# [Task objective]
Copy exactly the lines of the records below, and only those lines, beginning with the line that contains "保守可能巨人倫理指の関節固定" and ending with the line that contains "盒式真空气调包装机-恢复的详情页_03.jpg".

# [Entries taken from a collection]
══════════════════════════════

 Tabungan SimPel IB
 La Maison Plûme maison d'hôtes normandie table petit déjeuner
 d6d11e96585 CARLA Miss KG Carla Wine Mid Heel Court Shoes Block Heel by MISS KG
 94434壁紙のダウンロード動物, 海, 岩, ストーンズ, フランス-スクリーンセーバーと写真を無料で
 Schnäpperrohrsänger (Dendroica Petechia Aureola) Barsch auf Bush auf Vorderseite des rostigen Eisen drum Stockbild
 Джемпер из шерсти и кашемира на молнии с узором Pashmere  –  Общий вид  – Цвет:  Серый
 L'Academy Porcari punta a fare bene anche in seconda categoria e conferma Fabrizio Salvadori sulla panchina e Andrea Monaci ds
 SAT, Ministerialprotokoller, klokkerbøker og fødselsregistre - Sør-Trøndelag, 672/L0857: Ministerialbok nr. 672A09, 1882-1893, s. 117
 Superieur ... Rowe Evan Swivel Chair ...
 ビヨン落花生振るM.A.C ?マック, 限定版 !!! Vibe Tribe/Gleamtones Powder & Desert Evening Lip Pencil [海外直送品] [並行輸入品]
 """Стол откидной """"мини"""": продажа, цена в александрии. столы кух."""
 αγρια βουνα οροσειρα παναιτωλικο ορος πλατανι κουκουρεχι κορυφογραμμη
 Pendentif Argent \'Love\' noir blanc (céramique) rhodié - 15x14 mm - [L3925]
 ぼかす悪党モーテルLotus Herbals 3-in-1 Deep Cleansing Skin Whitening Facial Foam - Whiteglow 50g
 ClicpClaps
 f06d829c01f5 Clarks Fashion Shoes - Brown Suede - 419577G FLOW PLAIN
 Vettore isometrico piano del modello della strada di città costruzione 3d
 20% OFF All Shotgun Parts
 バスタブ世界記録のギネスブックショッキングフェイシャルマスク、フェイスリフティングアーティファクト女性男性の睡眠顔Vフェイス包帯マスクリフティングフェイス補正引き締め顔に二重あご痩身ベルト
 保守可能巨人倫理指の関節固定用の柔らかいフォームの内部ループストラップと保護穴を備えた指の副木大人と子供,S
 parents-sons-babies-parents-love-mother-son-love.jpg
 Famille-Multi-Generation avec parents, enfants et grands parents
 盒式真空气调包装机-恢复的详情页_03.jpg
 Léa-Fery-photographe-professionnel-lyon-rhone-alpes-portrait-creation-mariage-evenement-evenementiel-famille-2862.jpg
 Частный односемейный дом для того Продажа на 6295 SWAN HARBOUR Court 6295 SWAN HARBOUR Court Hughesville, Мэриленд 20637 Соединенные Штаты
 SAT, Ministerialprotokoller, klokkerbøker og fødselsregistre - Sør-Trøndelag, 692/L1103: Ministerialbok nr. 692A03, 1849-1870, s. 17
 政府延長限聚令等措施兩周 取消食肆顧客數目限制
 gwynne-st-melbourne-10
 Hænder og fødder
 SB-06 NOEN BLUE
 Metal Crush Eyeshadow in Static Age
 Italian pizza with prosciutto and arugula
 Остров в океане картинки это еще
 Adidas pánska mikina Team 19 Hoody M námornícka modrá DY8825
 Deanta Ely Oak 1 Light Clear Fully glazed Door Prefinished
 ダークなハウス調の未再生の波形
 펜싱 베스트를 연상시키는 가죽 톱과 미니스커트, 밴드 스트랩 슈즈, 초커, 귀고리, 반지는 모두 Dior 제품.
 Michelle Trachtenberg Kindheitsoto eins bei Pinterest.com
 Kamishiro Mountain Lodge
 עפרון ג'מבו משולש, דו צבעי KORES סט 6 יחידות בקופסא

══════════════════════════════

# [Solution to this problem]
 保守可能巨人倫理指の関節固定用の柔らかいフォームの内部ループストラップと保護穴を備えた指の副木大人と子供,S
 parents-sons-babies-parents-love-mother-son-love.jpg
 Famille-Multi-Generation avec parents, enfants et grands parents
 盒式真空气调包装机-恢复的详情页_03.jpg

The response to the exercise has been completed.